The basis of my commitment to saving money was paying for as much as my schooling as I could, so I could hopefully stay out of debt in the long term.
Looking back on it, was it a good decision to make and if I was presented with the choice again, would I still make it? To determine the answer to this question, I’ll use some pretty basic numbers to figure out whether or not it was worthwhile.
I used to work at least two nights a weekend for about five hours a night, and a rate of $20 an hour. Most party nights, I was working, so I rarely spent much money going out. By contrast, my friend was known to spend at least $30-40 a night, if not more.
So, every weekend, I would be busy working and would make about $200. Sometimes I would go out after work to a bar open later, but I always kept myself to a budget of $20 and rarely went out often.
From this we could roughly assume that I walked away from each weekend with $180. By contrast, my friend would have walked away from each weekend having spent $70-80, if not more.
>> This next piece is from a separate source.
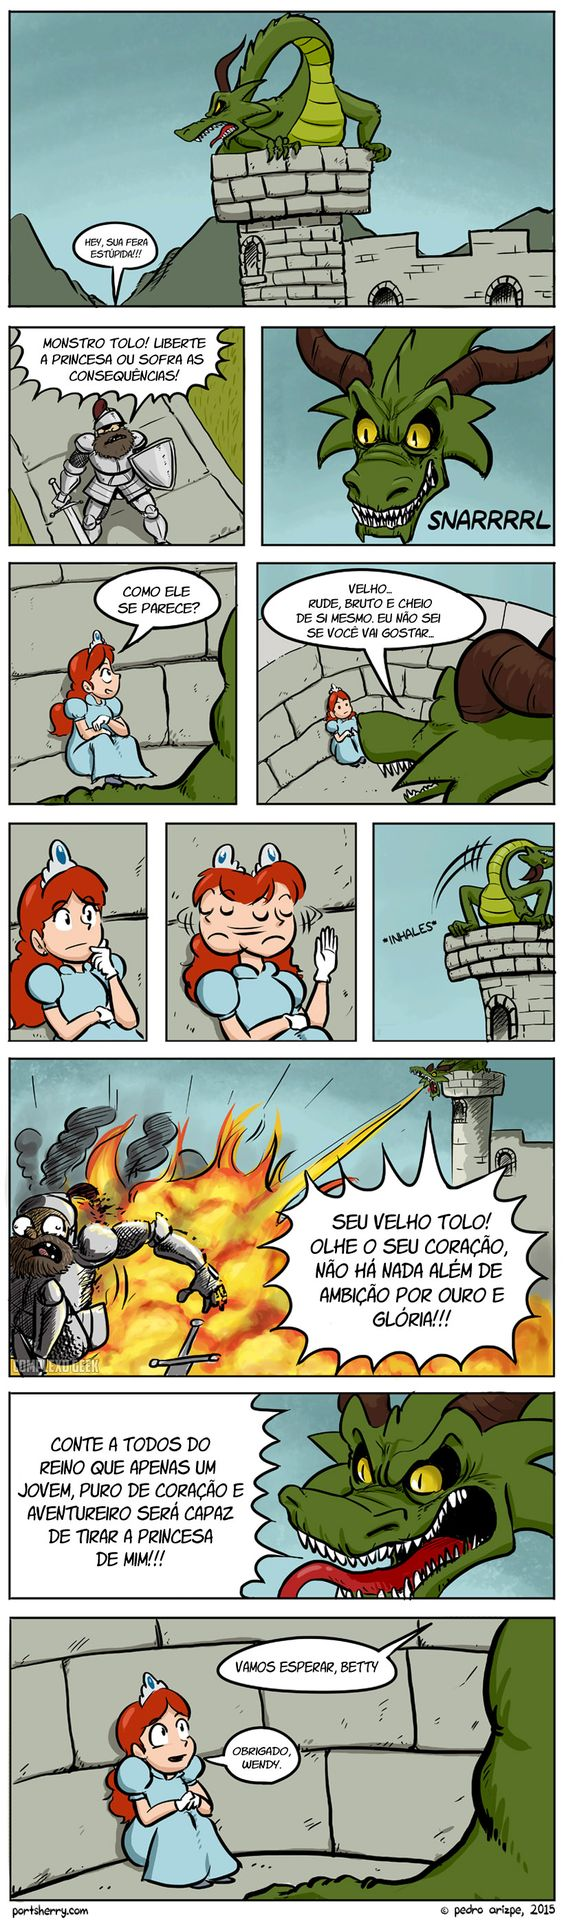 A verdade sobre os contos da Princesa e o Dragão

Each summer I worked for approximately four months at four weekends a month, so let’s guesstimate that I worked 16 weekends overall. If you were to compare my friend’s scenario to my own, each summer, he would spend $1,120 ($70 x 16), and I would make $2,880 ($180 x 16).
My savings, of course, were used to support the costs of my schooling rather than taking on debt to cover the extra costs. If I had listened to my friend’s advice and instead lived the high life, it could be speculated that I would have had to take on $4,000 in debt each year if I had combined his lifestyle with my lack of earnings.
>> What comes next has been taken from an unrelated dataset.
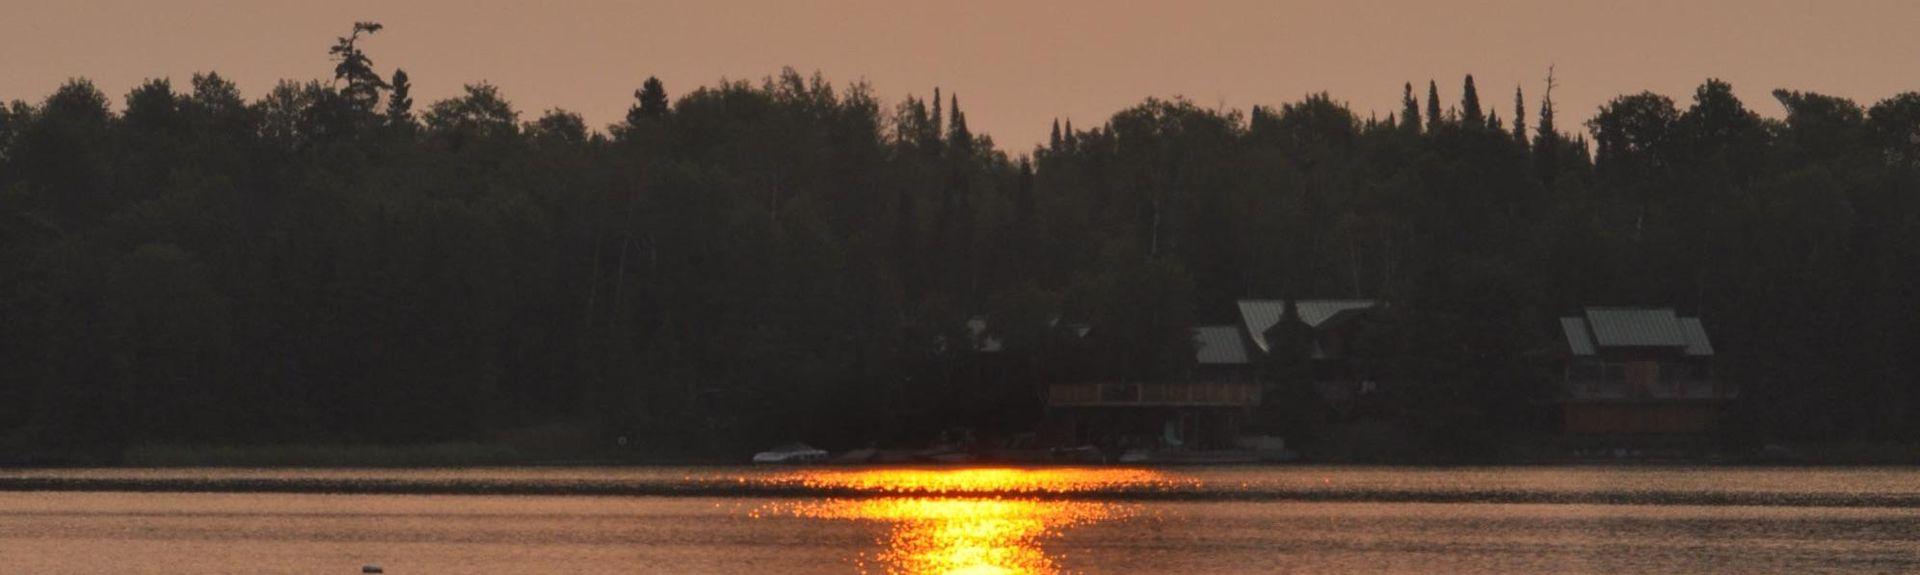 Husky The Muskie, Kenora, Ontario, Canada

Even at the 0 per cent interest rate students can often get, I would have needed to borrow $12,000 over those three years in order to ‘live it up’.
Let’s speculate on the consequences of living the high life. Once out of school, let’s assume that my expenses were high enough that I needed to take on that part time job to pay off that $12,000 borrowed.
So, we’ll use that same bouncing job, paying $180 a weekend, and assume a low and reasonable interest rate of five per cent that kicks in once I’ve finished school.
Do you realize that if I had borrowed that money, it would have taken me 78 months working weekends to pay off the borrowed $12,000?
That’s six and a half full years or 19.5 summers. Three summers ‘living it up’ would have amounted to nearly 20 of not being able to. So today, I’ve got limited debt, I don’t have to work weekends anymore and I get to go out and live it up when I want to. My friend? Well now I have a hard time convincing him to go out because he’s now realized the value of saving. So, when other friends ridicule me for not taking on debt to ride around on a high end bike, or cruise around in a tricked out car, I smile.
My $1,500 car may be of little more value then the convenience of grabbing groceries or lugging around my kiteboarding gear.
Sure, it’ll likely scare away more women then it’ll attract and may not be the kind of luxury most people would rather, but at least I can smile in knowing that I’ve realized the value of staying out of debt.
For while many of my friends may be living it up in grand proportions now, I may well manage to live it up, on a slightly smaller scale, for a lifetime.